On Thu, Jan 04, 2024 at 09:07:07PM -0500, Matthew Sakai wrote:
>
>
> On 12/28/23 14:16, Matthias Kaehlcke wrote:
> > Hi,
> >
> > On Fri, Nov 17, 2023 at 03:59:18PM -0500, Matthew Sakai wrote:
> > > This adds the admin-guide documentation for dm-vdo.
> > >
> > > vdo.rst is the guide to using dm-vdo. vdo-design is an overview of the
> > > design of dm-vdo.
> > >
> > > Co-developed-by: J. corwin Coburn <corwin@hurlbutnet.net>
> > > Signed-off-by: J. corwin Coburn <corwin@hurlbutnet.net>
> > > Signed-off-by: Matthew Sakai <msakai@redhat.com>
> > > ---
> > > .../admin-guide/device-mapper/vdo-design.rst | 415 ++++++++++++++++++
> > > .../admin-guide/device-mapper/vdo.rst | 388 ++++++++++++++++
> > > 2 files changed, 803 insertions(+)
> > > create mode 100644 Documentation/admin-guide/device-mapper/vdo-design.rst
> > > create mode 100644 Documentation/admin-guide/device-mapper/vdo.rst
> > >
> > > diff --git a/Documentation/admin-guide/device-mapper/vdo-design.rst b/Documentation/admin-guide/device-mapper/vdo-design.rst
> > > new file mode 100644
> > > index 000000000000..c82d51071c7d
> > > --- /dev/null
> > > +++ b/Documentation/admin-guide/device-mapper/vdo-design.rst
> > > @@ -0,0 +1,415 @@
> > > +.. SPDX-License-Identifier: GPL-2.0-only
> > > +
> > > +================
> > > +Design of dm-vdo
> > > +================
> > > +
> > > +The dm-vdo (virtual data optimizer) target provides inline deduplication,
> > > +compression, zero-block elimination, and thin provisioning.
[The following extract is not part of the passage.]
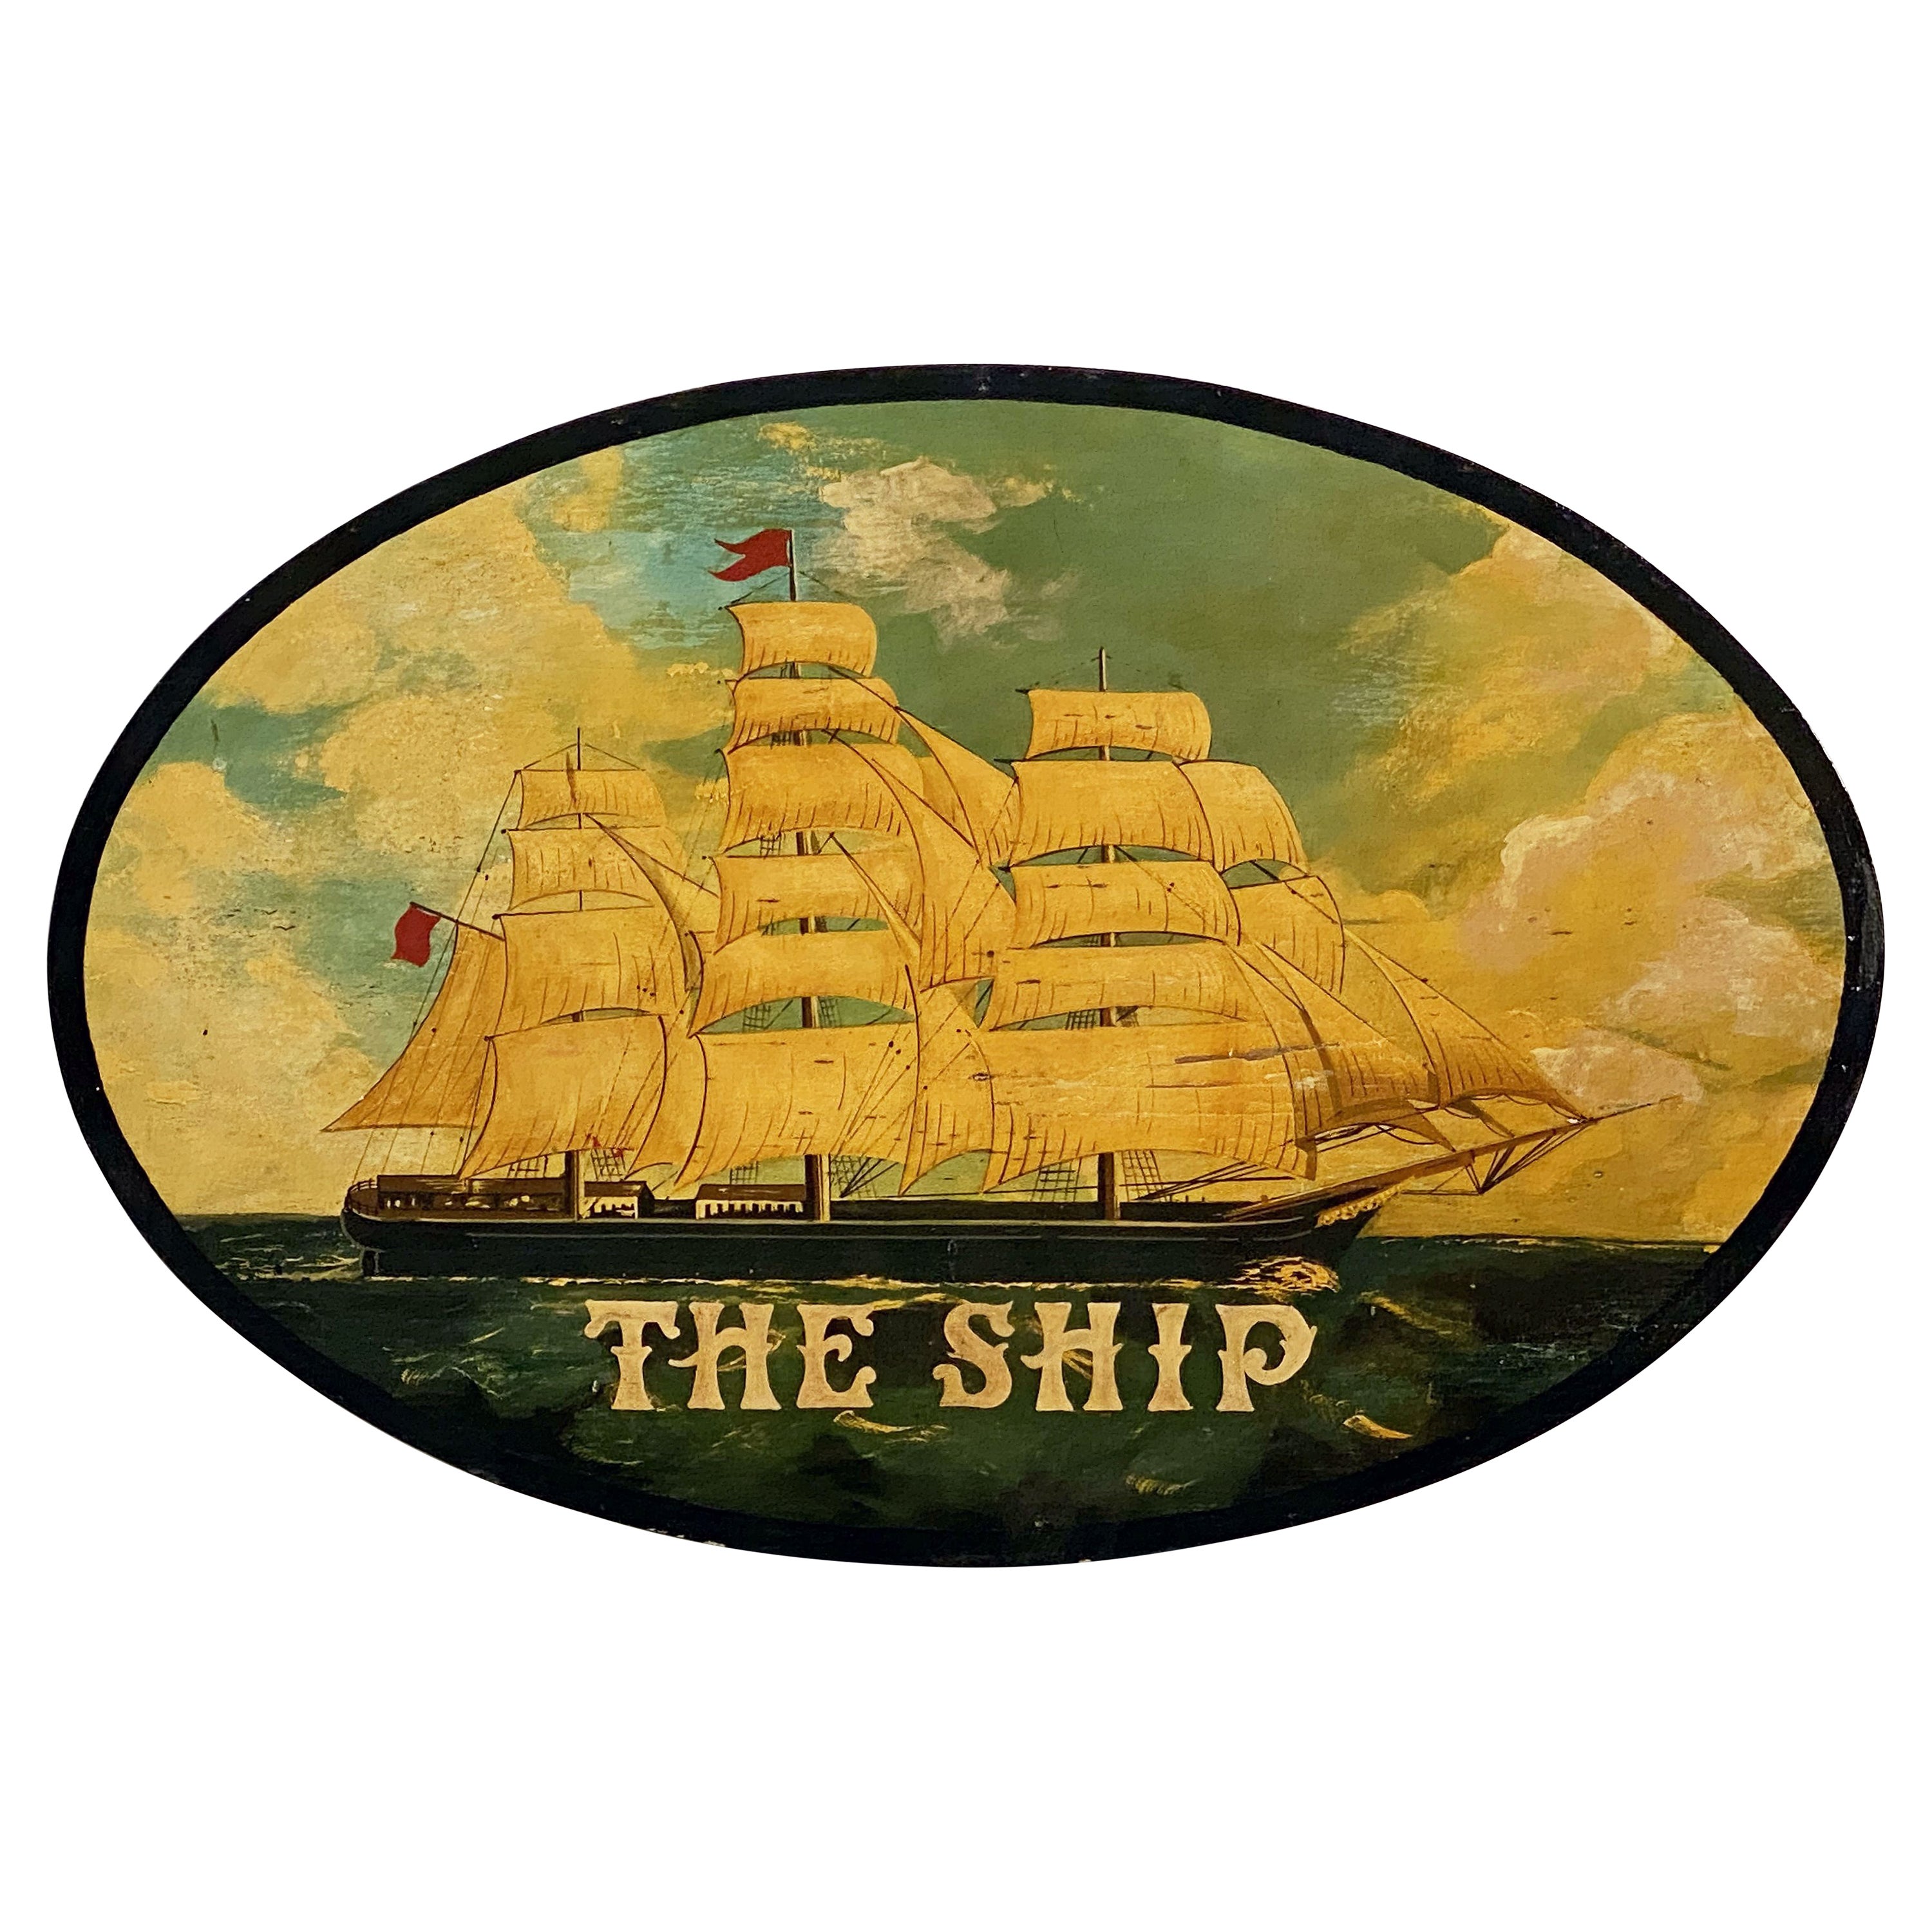 English Pub Sign, "The Ship"

A dm-vdo target
> > > +can be backed by up to 256TB of storage, and can present a logical size of
> > > +up to 4PB.
>
> [snip]
>
> > > + block map cache size:
> > > + The size of the block map cache, as a number of 4096-byte
> > > + blocks. The minimum and recommended value is 32768 blocks.
> > > + If the logical thread count is non-zero, the cache size
> > > + must be at least 4096 blocks per logical thread.
> >
> > If I understand correctly the minimum of 32768 blocks results in the 128 MB
> > metadata cache mentioned in 'Tuning', which allows to access up to 100 GB
> > of logical space.
> >
> > Is there a strict reason for this minimum? I'm evaluating to use vdo on
> > systems with a relatively small vdo volume (say 4GB) and 'only' 4-8 GB of
> > RAM. The 128 MB of metadata cache would be a sizeable chunk of that, which
> > could make the use of vdo infeasible.
>
> The short answer is that VDO can often use a smaller cache than the default,
> but it likely won't help in the way you want it to.
>
> > > +Examples:
> > > +
> > > +Start a previously-formatted vdo volume with 1 GB logical space and 1 GB
> > > +physical space, storing to /dev/dm-1 which has more than 1 GB of space.
> > > +
> > > +::
> > > +
> > > + dmsetup create vdo0 --table \
> > > + "0 2097152 vdo V4 /dev/dm-1 262144 4096 32768 16380"
> >
> > IIUC the backing device needs to be previously formatted. The formatting
> > fails when the size of the backing device is < 5GB:
> >
> > vdoformat /dev/loop8
> > Minimum required size for VDO volume: 5063921664 bytes
> > vdoformat: formatVDO failed on '/dev/loop8': VDO Status: Out of space
> >
> > That was with 'vdoformat' from https://github.com/dm-vdo/vdo/
> >
> > It would be great if somewhat smaller devices could be supported.
>
> VDO was designed to handle the challenge of data deduplication in very large
> storage pools. It generally is not very useful for very small pools. The
> first question to ask is whether VDO can actually provide any value in the
> sort of environment you're using. VDO generally takes the strategy of saving
> storage space by using extra RAM and CPU cycles. In addition, VDO needs to
> track a certain amount of metadata, which reduces the amount storage
> available for actual user data.
>
> For vdoformat, the biggest consideration is the deduplication index and
> other metadata, which are basically a fixed cost of about 3.5GB. In order
> for VDO to be useful, VDO would have to find enough deduplication to make up
> for the storage lost to VDO's metadata, so the minimum useful size of a VDO
> volume is in the 8-12GB range.
>
> For the block map cache, decreasing the cache size may increase the
> frequency of metadata writes, which generally decreases the write throughput
> of the VDO device. So the tradeoff is between RAM and write speed.
>
> Nothing about the generic structure of VDO would prevent us from producing a
> smaller VDO (and in fact we do for some testing purposes), but in a scenario
> where you can only expect to save a few gigabytes through deduplication, VDO
> is generally more expensive than it is worth.
>
> If you still think this might be worth pursuing, let me know and we can try
> to work out a configuration which might suit your goals.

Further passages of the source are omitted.